At the beginning of 1969, the Antillean government purchased a 96 percent share in ALM from KLM, making the carrier state-owned. Tourism continued to boom in the Antilles, allowing ALM to charter a Douglas DC-8 for direct flights to New York and Miami. From 1970 to 1973 the DC-8 was replaced with a chartered Boeing 727 from Braniff. During this timeframe, the Fokkers were replaced with a third DC-9, and for a short time, the airline became an all-jet operation.
The airline moved into cargo operations during the 1970s with the purchase of a Douglas DC-6 in 1972. The airline also acquired deHavilland Twin Otters to operate shorter routes that were uneconomical on the larger Douglas DC-9. The Twin Otter flights were operated between Aruba, Curaçao, and Bonaire and were labeled as ABC Commuter. The operation became a success and ALM was profitable through 1978.
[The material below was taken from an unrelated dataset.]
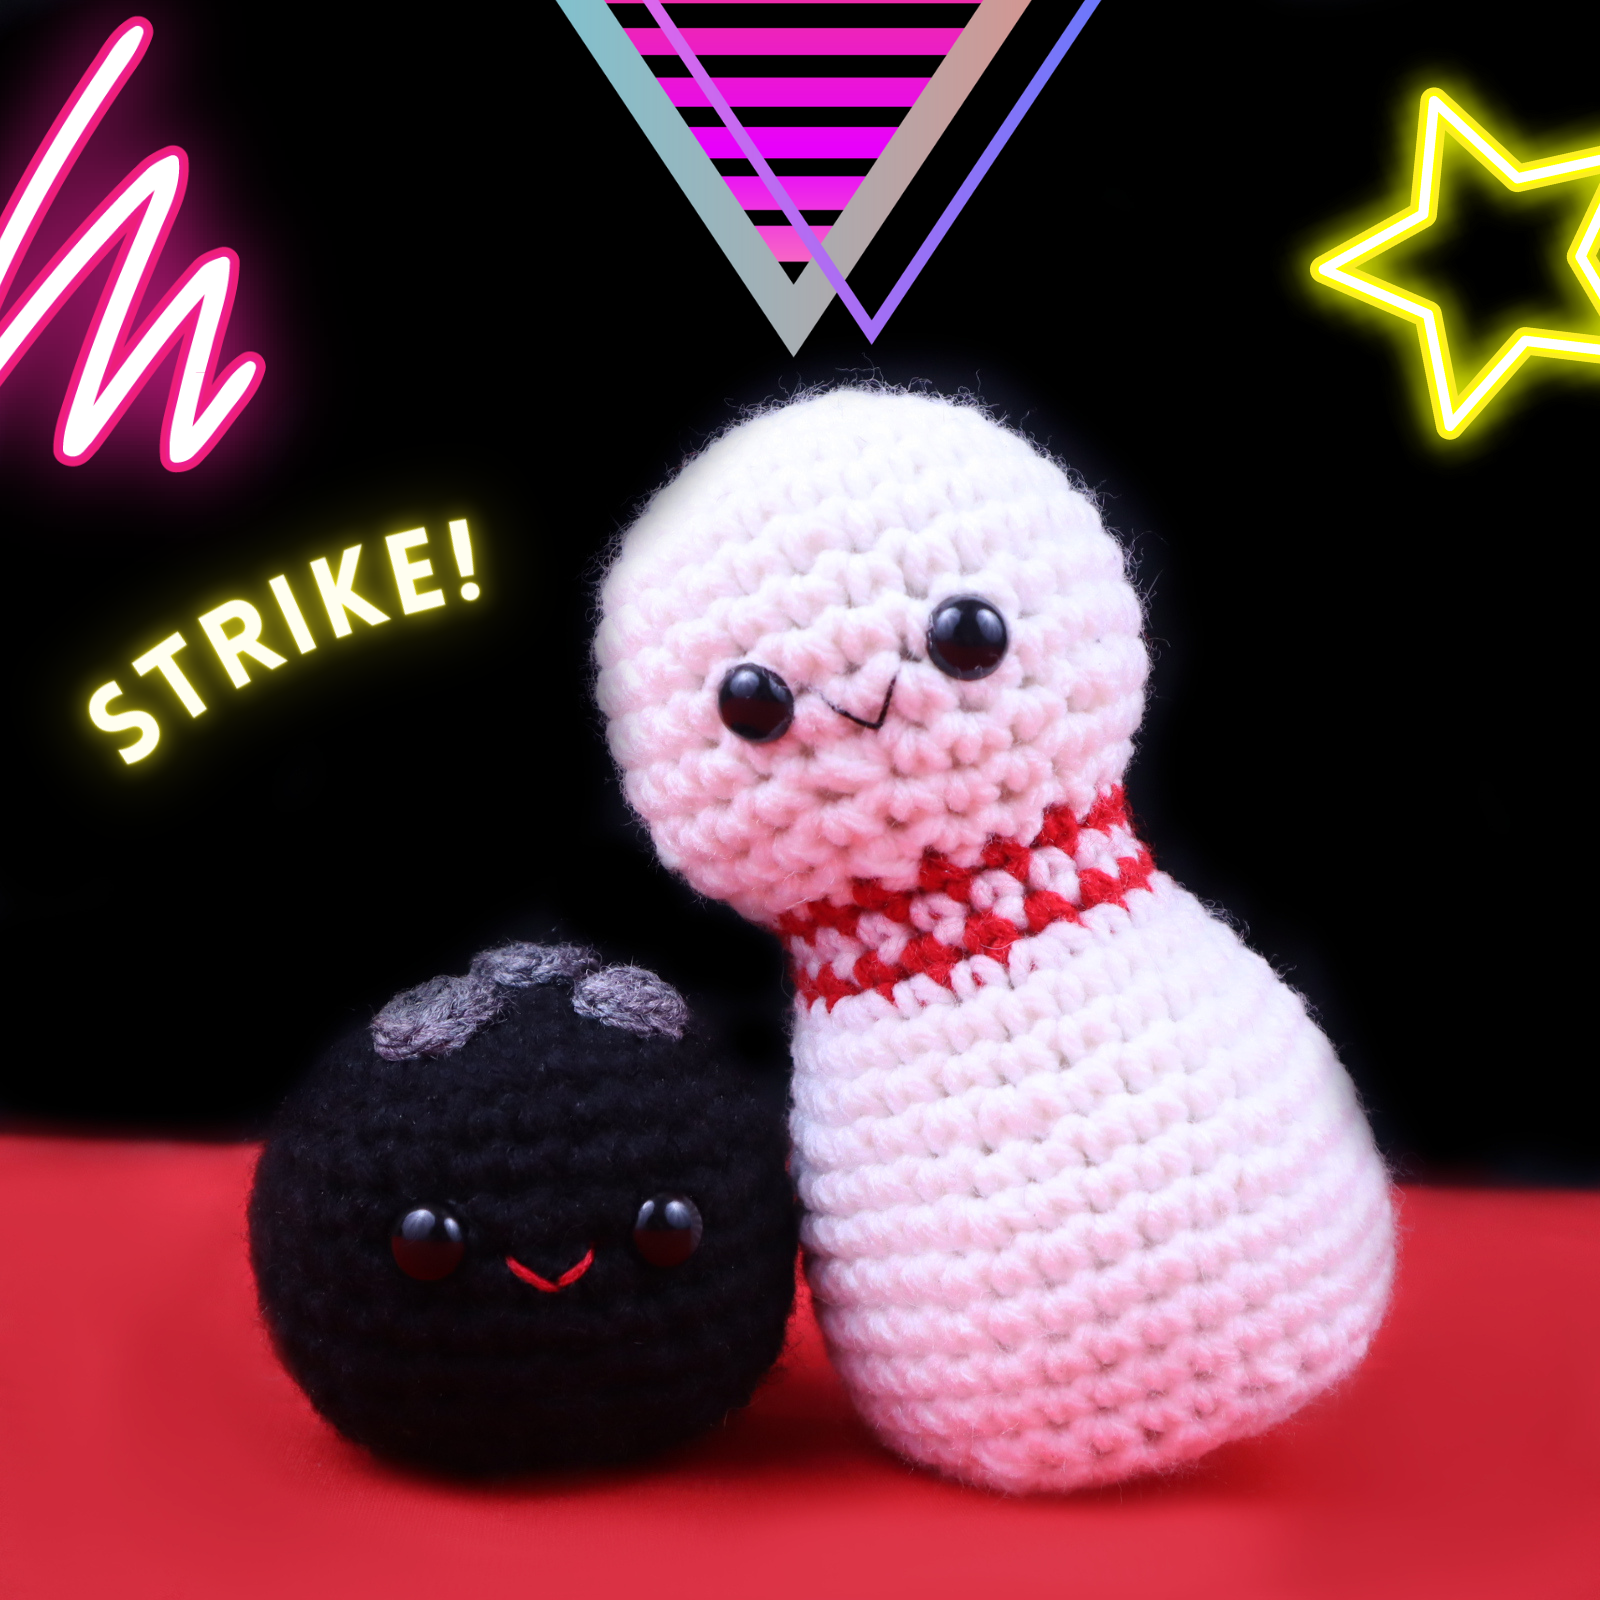 Free bowling crochet amigurumi pattern ball pin

The growth of the airline necessitated larger jets and upgraded DC-9s were added to the fleet. Boeing 727s were added for routes to Chicago, New York, and Detroit. The Twin Otters were replaced in 1978 with Shorts 330s. During this time, a partnership with KLM was renewed, with KLM hoping to turn ALM into a Caribbean hub for the carrier.
The companies success began to dwindle in 1979 due to an increase in fuel prices and lower tourist demand. Competition also increased at the same time, with Eastern and American competing with ALM on some of their key routes to the United States. The 1980s saw the carrier end DC-8 flights and sell off the Boeing 727s and Shorts 330, concentrating on four Douglas DC-9s for the fleet. Those DC-9s were replaced in 1982 by three larger McDonnell Douglas MD-80’.
The 1980s saw the airline begin to return to profitability and success and two Fairchild FH-227s were purchased for short-haul routes. The airline’s route map had shrunk, serving only 13 destinations in the Caribbean as well as New York and Miami. The independence of Aruba also caused trouble for the airline, as the new Air Aruba, began competing with ALM between Aruba and Curaçao. Revenue began to dwindle on the route, as the two airlines shared passengers.
The 1990s saw the airline struggle. ALM was facing stiff competition on some of its most profitable routes, as well as a shift in the aviation industry. Despite this, the airline purchased the deHavilland Dash 8-300 to replace the Fairchilds on short-haul routes. In 1991, KLM reinvested in the airline, but the airline continued to struggle financially. The new millennium saw the airline on the verge of bankruptcy.
KLM saw the signs and swapped its Amsterdam flight from Curaçao to Bonaire, leaving a brand new ALM catering building in Curaçao unused. It all collapsed for ALM in September of 2001 when the airline declared bankruptcy and shut down. The 37-year-old airline had been facing losses for most of the 1980s and 1990s. In its place, a new airline, Dutch Caribbean Airlines, took over some routes, however, they closed in 2004.